君:東京式アクセントは「ございます」の有る無しに関わらず、「り」にアクセント核が有って、つまりは中高アクセントなのよね。
僕:そうなんだよ。「有難く頂戴します」なんてのは平板で、つまりは上がりっぱなしなのは東京語も飛騨方言も同じ。ただし「ありがとう」は飛騨方言では平板だね。例えば「あーれ。すまんなあ、かになあ、ありがとうえな」なんてのは典型的な飛騨方言のあいさつ文だが、「ありがとう」の部分が平板アクセントでないと、なんだかヘンテコリン・きざな都会風のアクセントという事になる。
君:形ク「ありがたい」そのもののアクセントは中高アクセントなので、活用のいかんにかかわらず、「た」にアクセント核があるのが共通語アクセントなのよね。
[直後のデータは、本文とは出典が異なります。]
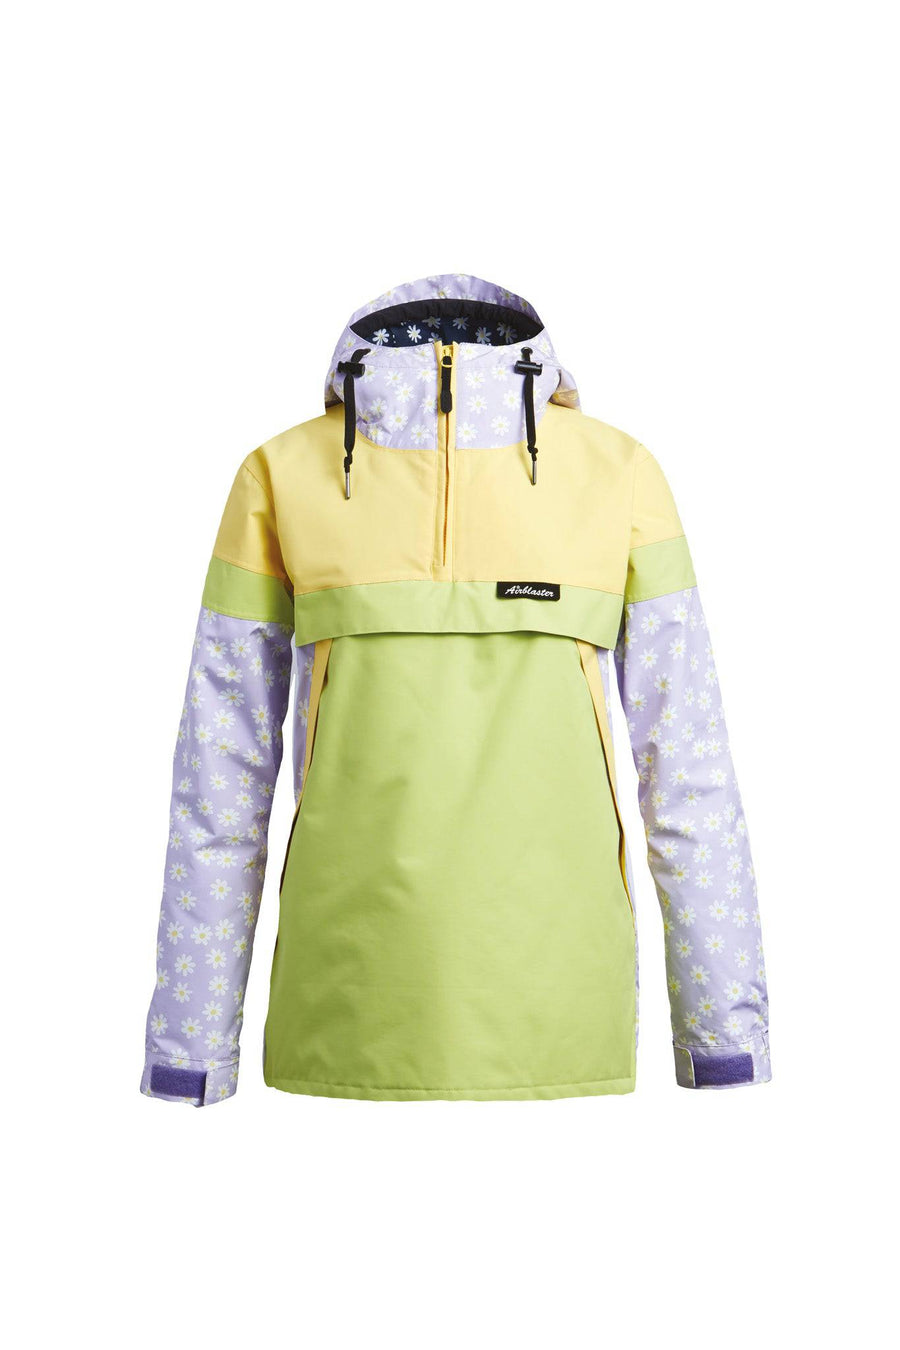 Airblaster Lady Trenchover Womens Snow Jacket in Lavender

僕:その通り。「ありがたく」のアクセント核は「た」だ。但し、東京式アクセントではウ音便「ありがとう」になると途端に「り」がアクセント核になる。
君:「あめでとう」「あめでたい」ではこのような現象が見られないので、なるほど飛騨方言は理にかなっていて、東京語のアクセントは変則だわね。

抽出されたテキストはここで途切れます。